Tuesday, April 10, 2012

Back to the Future?

Last week I attended a reception at the U.S. Ambassador's residence to honor the Director of the Peace Corps, Aaron Williams. He used the event to announce that the program would be returning to Tunisia after a long absence. Although it used to have a presence here, the Peace Corps was not welcome during the years when the country was a police state. The revolution of January 2011 changed all that.

Fulbright Researcher Katie Larson, Sami Saaid of the US Embassy,
Me, and Fulbright Scholar Andrea Calabretta
The reception was the first gathering of the three Fulbrighters who are currently in Tunisia. (A fourth Fulbrighter will be arriving later this month.) Each of us owes a debt of gratitude to Sami Saaid, who coordinates the program at the U.S. Embassy in Tunis. Sami also attended the event and went out of his way to introduce me to a number of key guests.

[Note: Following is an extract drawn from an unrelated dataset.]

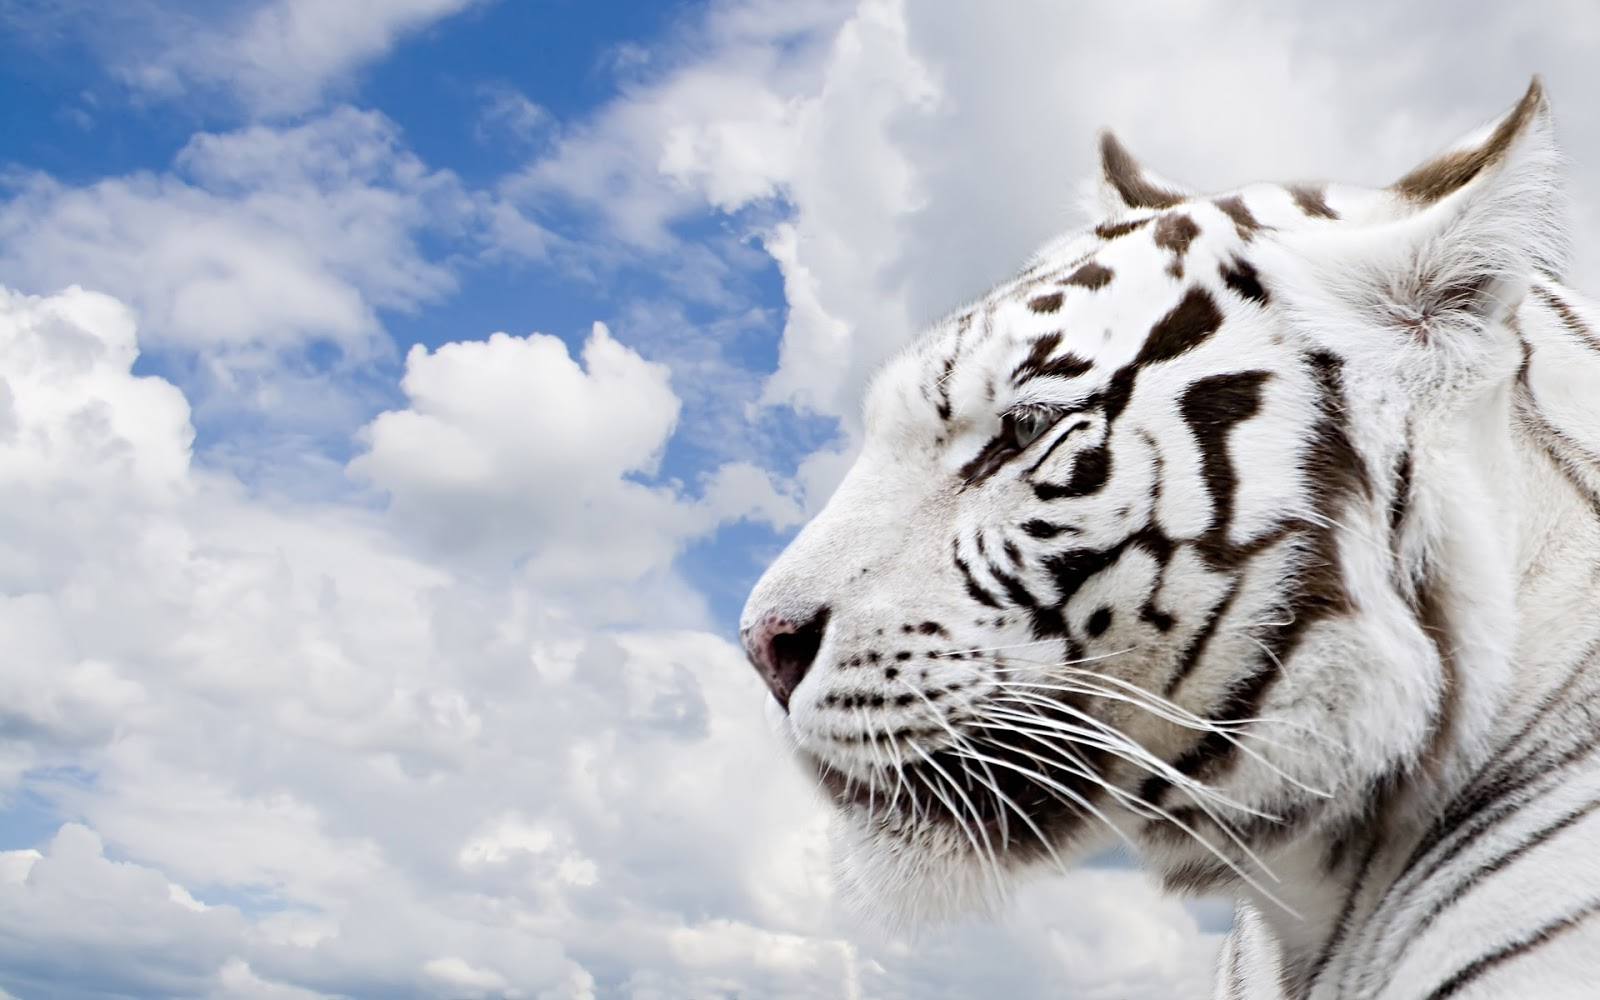 White Bengal Tigers Latest Hd Wallpaper 2013 Top hd 1600x1000

Many of the people I met worked with the Peace Corps in Tunisia before it had to shut down. In fact, the reception doubled as a reunion of sorts for them. Although each one had a different story to tell, all of the guests I met pursued very interesting careers following their tenure with the program, and I have already made plans to catch up with most of them very soon.

The return of the Peace Corps might be a step forward for Tunisia. But the country may also be taking a few steps back as well. Yesterday and over the weekend, demonstrations on the main boulevard downtown turned violent when the police used clubs and tear gas to disperse the crowd. People have compared it to the way the police responded when the masses flocked downtown during last year's revolution against the former regime.

Up to now, demonstrations have been largely peaceful and have not led to clashes between the people and the police. This weekend was different because there is a new rule that makes it illegal to demonstrate on the main boulevard. This weekend's protests were a direct challenge to this new rule and set the stage for a response from the government. But no one expected the violence that ensued.

The main student union at my campus cancelled classes today so that students would be free to participate in another demonstration downtown later in the day. This one is supposed to be a protest against the police response to the recent demonstrations. I can sympathize with the students' desire to speak out. I only hope that the police do not again employ the tactics that everyone associates with the old regime.